To fill the upper and lower triangles of the cost matrices, we build a 2d histogram for the structural tangencies based on the same image subdivision, but this time for a pair of labels (instead of a single label) to encode a transition. The recorded frequencies in each patch, are normalized per structure to reflect the probability \(\mathbf {P}_{{ rc }}^{{ ab }}\) that a pair of labels (a and b) exist in adjacency at this location, when a testing sample is introduced. \(a,b \in \left\{ M \times M \right\} \), such that \(a\ne b\). Edges and their cost matrices are established in 2 directions corresponding to the directions for tangency: horizontal and vertical. For each structure instance in the ground truth, we record the structures to its east and south. We bypass the west and north directions because they are inverses of the included directions and would only require a transpose of the cost matrix. So, including them will redundantly duplicate the cost. The matrices are non-symmetrical. For instance, a roof structure is more frequently seen to the south of sky than to its north.
In this way, the edge cost matrices (Fig. 2) encode the architectural principles of, vertical and horizontal arrangement ordering of structures, in addition to locations and structural direct adjacencies. At inference time, if basins are tangent in both directions, we choose the direction of the common boundary with the longest length. We convert the probabilities to costs to build labeling penalty matrices, according to the Boltzmann distribution, \(\mathbf {E}_{{ rc }}^{{ m }} = -\log \left( \mathbf {P}_{{ rc }}^{{ m }}\right) \) and \(\mathbf {E}_{{ rc }}^{{ ab }} = -\log \left( \mathbf {P}_{{ rc }}^{{ a b }}\right) + \xi \). We add \(\xi \), a constant to raise the range of values in the upper and lower triangles of the cost matrices over the diagonal values, to bias the optmization algorithm towards same labeling for the vertices of the edge. As such, spatial coherence is achieved while promoting the frequently encountered label in the training set, at this location. If the algorithm chooses to label the vertices differently, the most frequent adjacencies at this location are preferred.

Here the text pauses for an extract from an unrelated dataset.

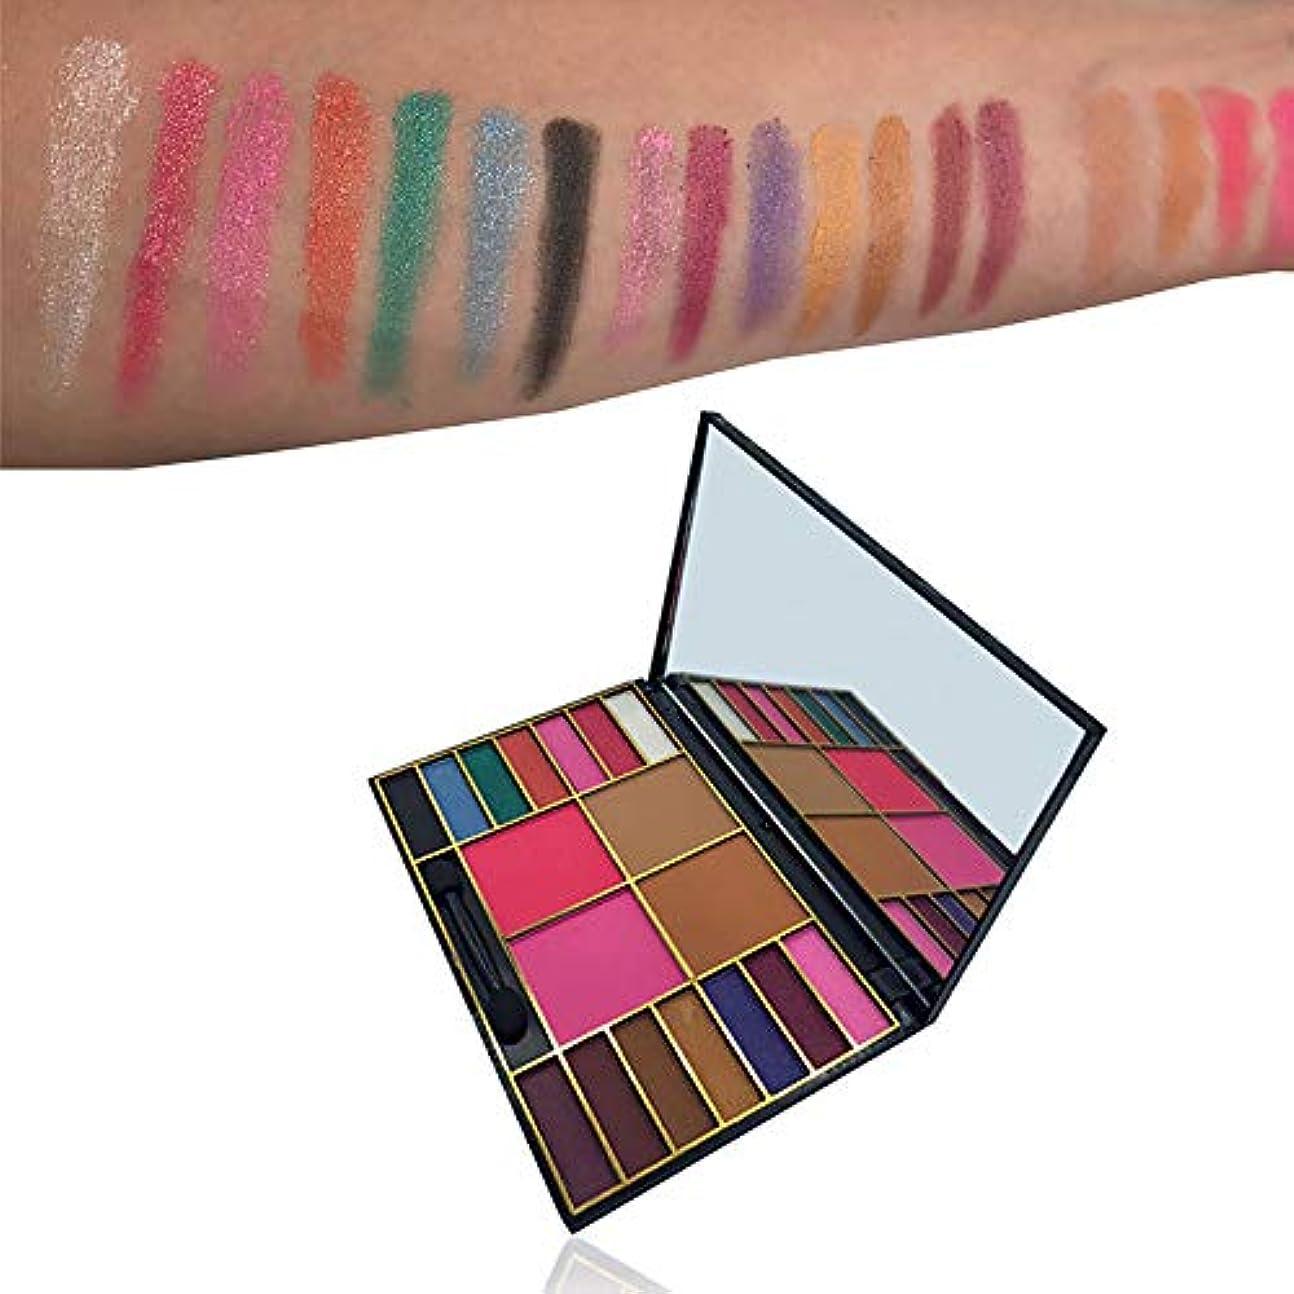 それぞれ受け皿思い出させる化粧品メイクアップシマーマット18色アイシャドーパレットソンブラ

Some practical adjustments were carried out, because the subdivision of the image is arbitrary and to prevent over-fitting to training data. We apply a Gaussian smoothing filter on the frequency histograms of location and structural adjacency. In addition, Inf costs, resulting from zero frequency, are replaced by a relatively high value \(\pi \), to discourage rather than eliminate the possibility of an assignment. Same goes for Inf values in the appearance datacost, as they are replaced by \(\rho \).

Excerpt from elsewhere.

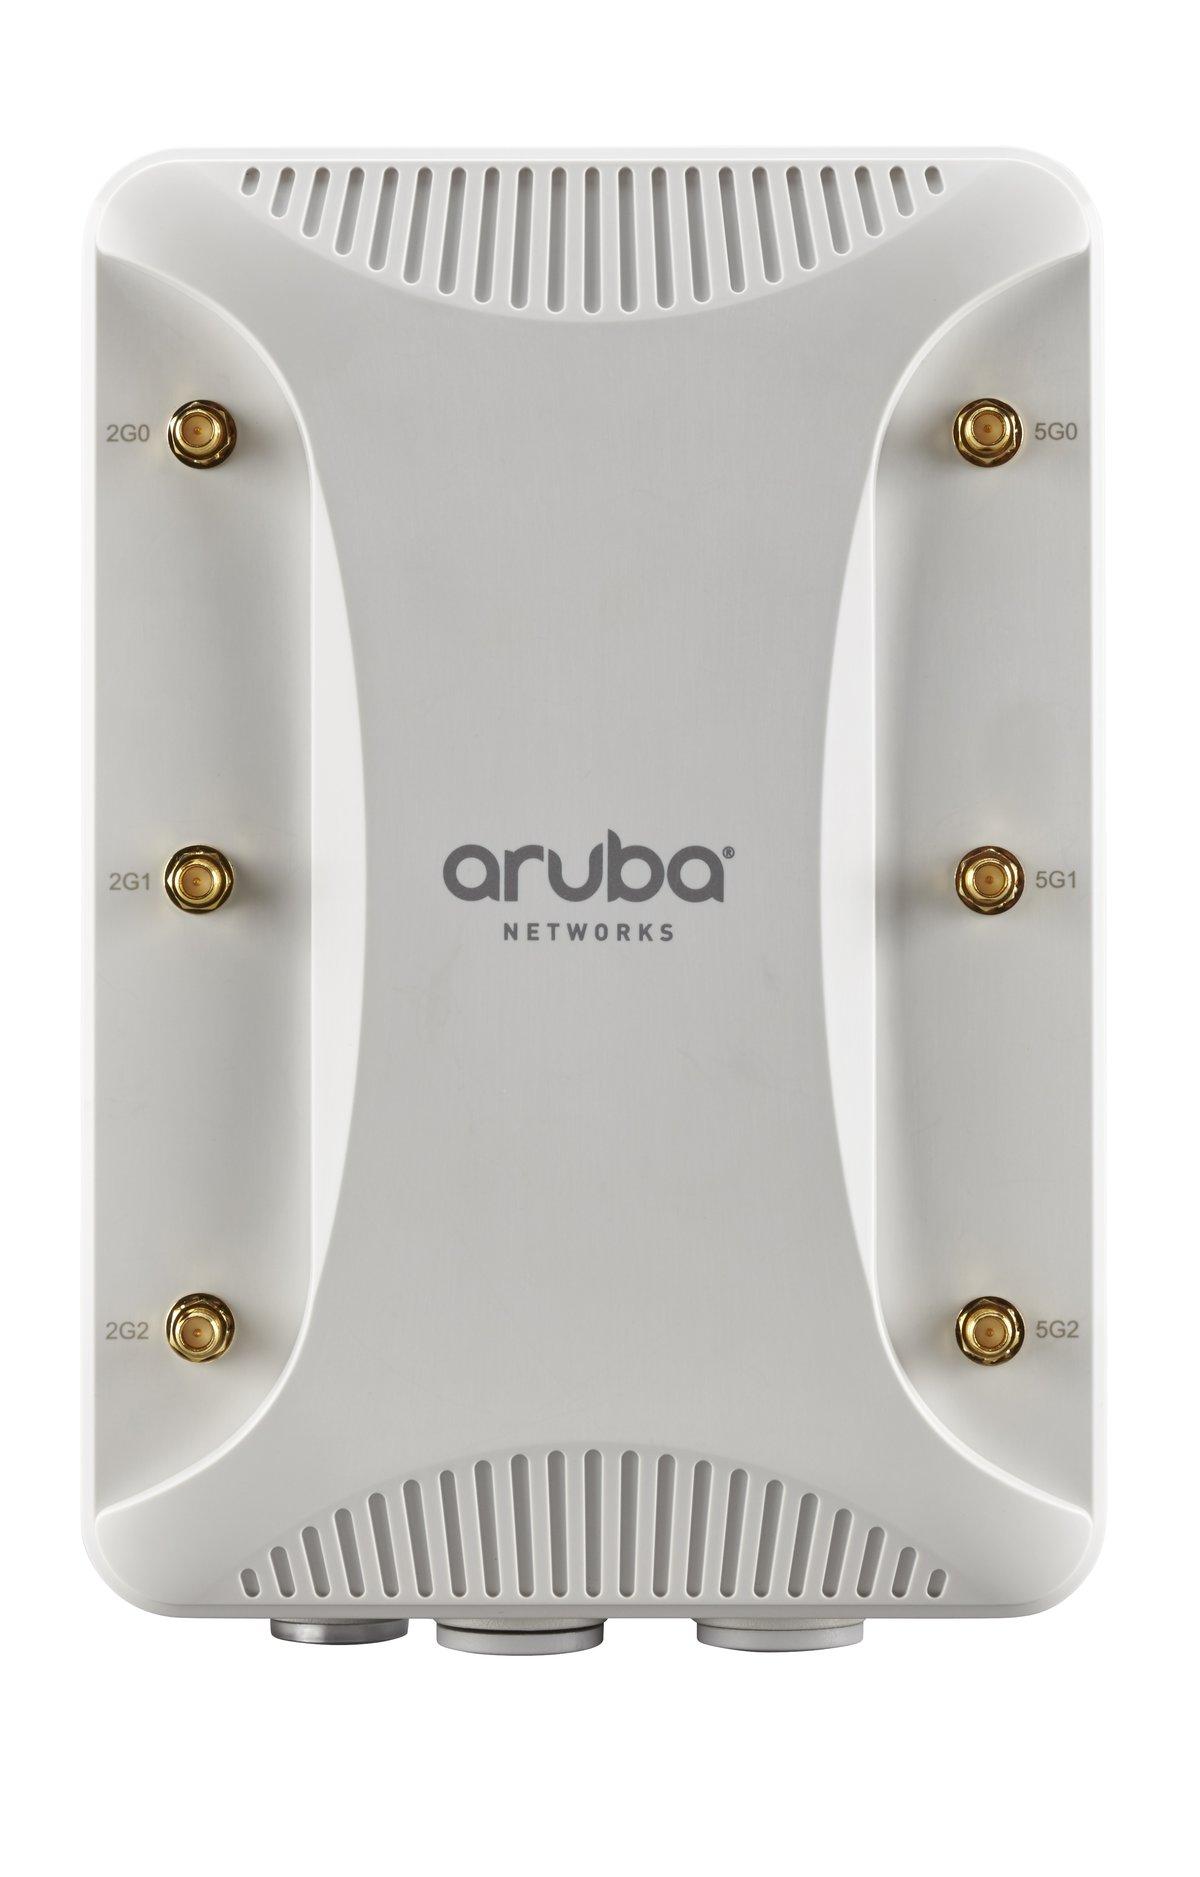 HPE Aruba AP-228 - wireless access point

Long-Range Edges. These encode the translational symmetries found in the scene, used for building the \(Q_{2}\left( \cdot \right) \) (3). To establish these symmetries we use the \(\alpha \)-expansion graphcut algorithm [8], to assign a translation vector to each superpixel in the image. The ultimate goal is to establish a smoothness prior over distant instances of the same structure, in the TRW-S labeling optimization step. It is run separately for each type of putative structure resulting from the appearance classification phase. A Markov Random Field (MRF) is defined over all superpixels belonging to the structure and forming the nodes of the graph. The smoothness prior is based on neighbourhood \(\varOmega \), detected between superpixels when their basins share a common boundary and belong to the same putative structure. Neighbourhoods are assigned a constant weight. The terminal nodes of the graph of the \(\alpha \)-expansion algorithm constitute the labels and they are a set of translational vectors. This set is constructed from the SIFT feature points of the image and their best matches. The matching score is calculated based on Euclidean norm in the SIFT space. The set of translational vectors is refined by preserving only the ones that exhibit a translation in either the x and y directions but not both. As such the long-range cliques promote the vertical and horizontal alignment of facade structures. The energy function E, to be minimized by the graphcut, is as follows:
The unary term \(D\left( \cdot \right) \) is the dissimilarity score between an examined superpixel \(x_{i}\) and the superpixel of the watershed basin, to which the destination belongs. The destination is obtained when applying translation \(y_{i}\) (\( \in T\)) on the examined superpixel. We constraint the translations to result in destinations being within image boundaries, but not necessarily belonging to the same structure as the source superpixel, to minimize the propagation of errors from the previous appearance-based stage. The pairwise term \(F\left( \cdot \right) \) follows a POTTS model, in which a pair of neighbouring superpixels labeled differently, is penalized with a constant value. \(\theta \) is a constant label cost that penalizes the assignment of \(x_{i}\) to new redundant labels. Redundancy in the sense that they can be replaced by one of the already utilized labels without drastically increasing the datacost. Afterwards, the edges that will be relayed to the TRW-S algorithm are found by applying on each superpixel its preferred translation vector in the specified, in addition to the reverse direction (a \(180^{\circ }\) rotated variant). In effect, this extends the putative structures into a loci of points that complete their contained grids. An outcome of this phase is shown in Fig. 2.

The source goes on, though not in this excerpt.